6. Model Evaluation:

Evaluate on the validation set (during development) and test set (final)
Use appropriate metrics (confusion matrix metrics for classification; MAE/RMSE/R? for regression)
If business goals are not met -> go back to data or model

7. Deployment:

Deploy the model to production
Select deployment type: real-time, batch, serverless, asynchronous, on-premises

8. Monitoring and Iteration:

Monitor model performance continuously in production
Detect model drift -- when the model degrades because the real-world data distribution changes over time
Continuously retrain as new labeled data becomes available
Example: a fashion trend model from 2020 will drift as styles change -- must be retrained

---

Hyperparameters -- Settings That Shape How a Model Trains:

Hyperparameters are configuration values set BEFORE training begins. They control the training PROCESS, not the model's learned parameters.

Hyperparameter	What It Controls	Low Value	High Value
Learning Rate	Step size when updating model weights	Slower, more precise convergence	Faster, risks overshooting optimal solution
Batch Size	Number of training examples per weight update	More stable updates, slower compute	Faster compute, less stable updates
Number of Epochs	Times the full training dataset is processed	Underfitting risk	Overfitting risk
Regularization	Model complexity penalty	More complex model	Simpler model, reduces overfitting

Overfitting and How to Prevent It (Hyperparameter Perspective):

Prevention Method	Notes
Increase training data size	BEST answer -- more diverse data prevents memorization
Data augmentation	Synthetically expand dataset diversity
Early stopping	Stop before too many epochs
Increase regularization	Penalizes complexity
Reduce model complexity	Use a simpler model
Ensembling	Combine multiple models

Hyperparameter Tuning Methods:

Grid Search -- try all combinations of hyperparameter values
Random Search -- randomly sample hyperparameter combinations
SageMaker Automatic Model Tuning (AMT) -- automated hyperparameter optimization service

---

When is ML NOT Appropriate?

ML is NOT the right tool when:

The problem has a DETERMINISTIC (exact) mathematical solution
The rules can be easily and explicitly programmed in code
You need 100% accuracy -- ML models always have some error rate

Example:

'A deck contains 5 red, 3 blue, and 2 yellow cards. What is the probability of drawing a blue card?'

-> Answer is exactly 3/10 = 30%. Code solves this perfectly.

-> Using ML would give an APPROXIMATION with error -- worse than code.

When ML IS Appropriate:

Patterns are too complex for manual rules (image classification, language understanding)
The rules would require thousands of hand-coded exceptions
You need to learn from historical data to predict future outcomes
The problem doesn't have a clean mathematical formula

Decision Rule:

If you can write explicit code that gives the exact right answer -> write code.

If you can't enumerate all the rules -> use ML.

Key Terms

Term	Definition
Exploratory Data Analysis (EDA)	The initial phase of data analysis where data is visualized, statistics are computed, and correlations are identified -- to understand data shape, distributions, and feature importance before modeling.
Correlation Matrix	A table showing the correlation coefficients between all pairs of features in a dataset.
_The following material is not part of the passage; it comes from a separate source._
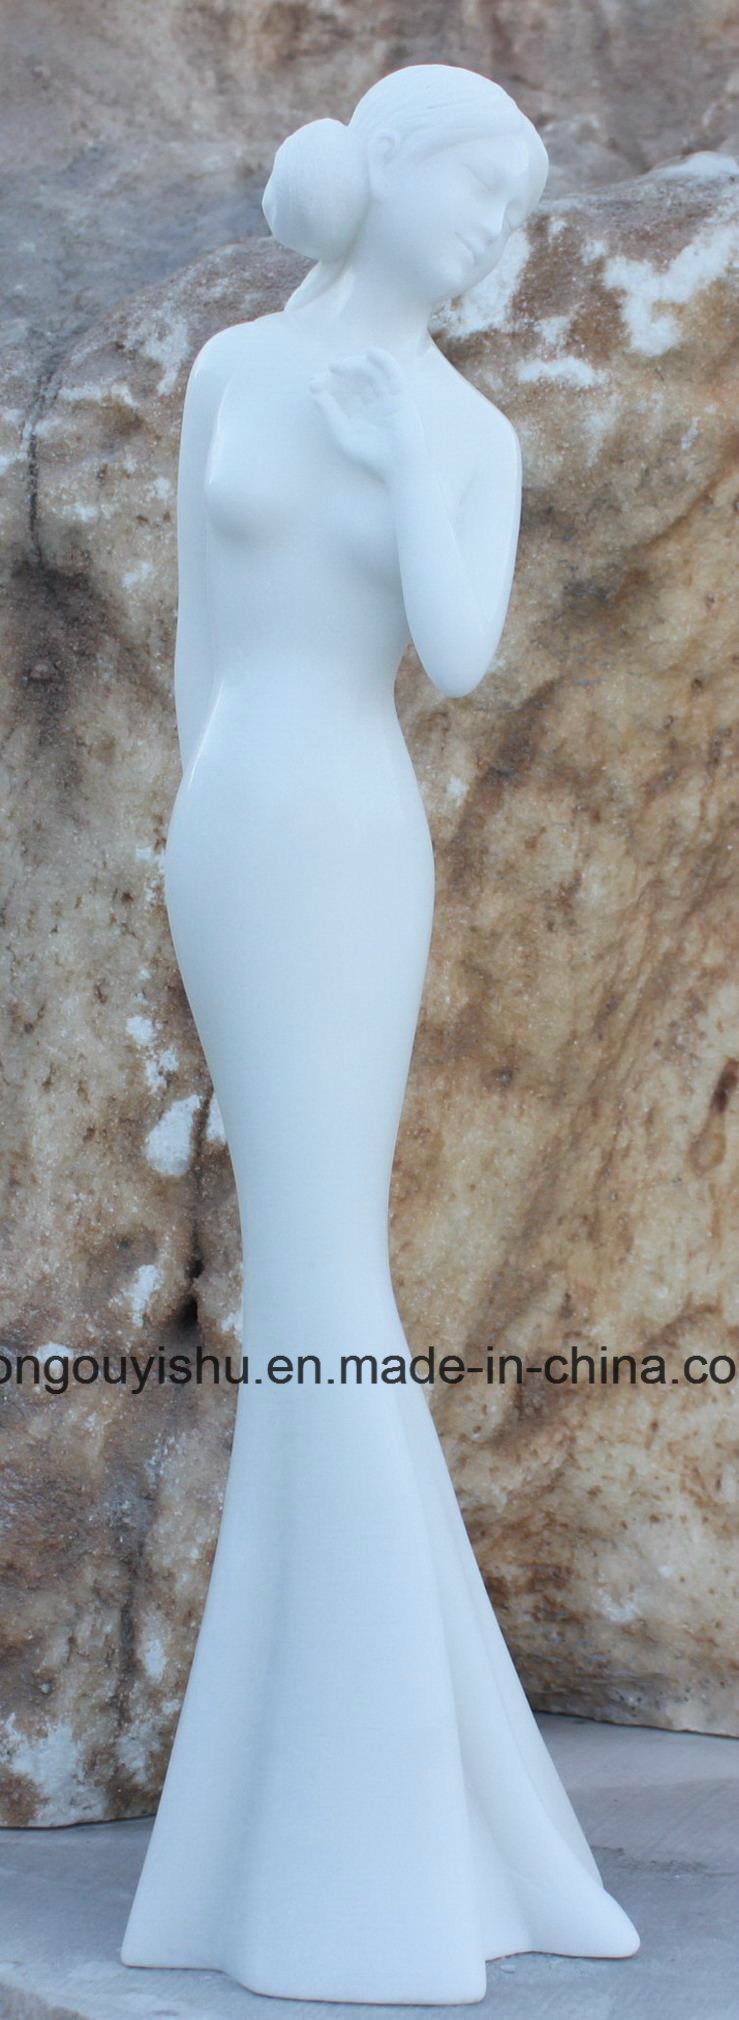 Great Quality with Cheap Price of White Lady Statue of Mabrle Sculpture

Values near 1 or -1 indicate strong relationships; values near 0 indicate weak relationships. Used in EDA for feature selection.
Model Drift	The degradation of a deployed model's performance over time as real-world data distributions change. Requires ongoing monitoring and periodic retraining to maintain model accuracy.
Learning Rate (Hyperparameter)	Controls the step size for model weight updates during training. Too high = overshoots optimal. Too low = very slow convergence.
Batch Size (Hyperparameter)	The number of training examples used in each weight update iteration. Small batches = stable but slow. Large batches = fast but potentially less stable.
Epochs (Hyperparameter)	The number of complete passes through the full training dataset. Too few = underfitting. Too many = overfitting.
Regularization (Hyperparameter)	A penalty on model complexity that discourages overfitting. Increasing regularization forces the model to be simpler and more generalizable.
SageMaker Automatic Model Tuning (AMT)	An AWS service that automatically searches for the optimal hyperparameter values to maximize model performance, replacing manual grid or random search.
Deterministic Problem	A problem that has a single, exact, computable answer. Better solved with explicit code than ML, which always introduces some approximation error.

Exam Tips:

Best fix for overfitting = INCREASE TRAINING DATA SIZE. This is the primary answer on most exam questions.
Epochs too few = underfitting. Epochs too many = overfitting. Know both directions.
INCREASE regularization = REDUCE overfitting. Regularization penalizes model complexity.
Model drift = model degrades over time because real-world data changes. Fix = monitor and retrain.
When NOT to use ML: when you can compute the EXACT answer with code (deterministic problems).
SageMaker AMT = automated hyperparameter tuning service on AWS.
Correlation matrix = used in EDA to decide which features matter. High correlation with target = important feature.

Practice Questions

Q1. A deployed recommendation model that performed well at launch is now showing decreasing accuracy 8 months later, even though no code changes were made. What is the MOST likely cause?

Hyperparameter drift -- the model's learning rate has changed over time
Model drift -- real-world data patterns have changed since the model was trained
Underfitting -- the model was not complex enough for the original training data
Data leakage -- test data was accidentally included in the original training set

Answer: B

Model drift occurs when the real-world distribution of data changes over time, causing a previously well-performing model to degrade. For a recommendation model, user preferences and product trends evolve -- the model needs to be retrained on more recent data to maintain performance.

Q2. A developer is asked to build a solution that calculates the exact number of business days between two calendar dates, excluding weekends and public holidays. Should this be solved with ML?

Yes -- ML is always more accurate than code for date calculations
Yes -- use a regression model trained on historical calendar data
No -- this is a deterministic problem with an exact solution that is better solved with explicit code
No -- ML cannot process date data without special feature engineering

Answer: C

This is a deterministic problem -- there is one mathematically exact correct answer, computable without any approximation. ML models always have error rates and produce approximations. Explicit code can solve this perfectly. ML should be reserved for problems where rules are too complex to manually enumerate.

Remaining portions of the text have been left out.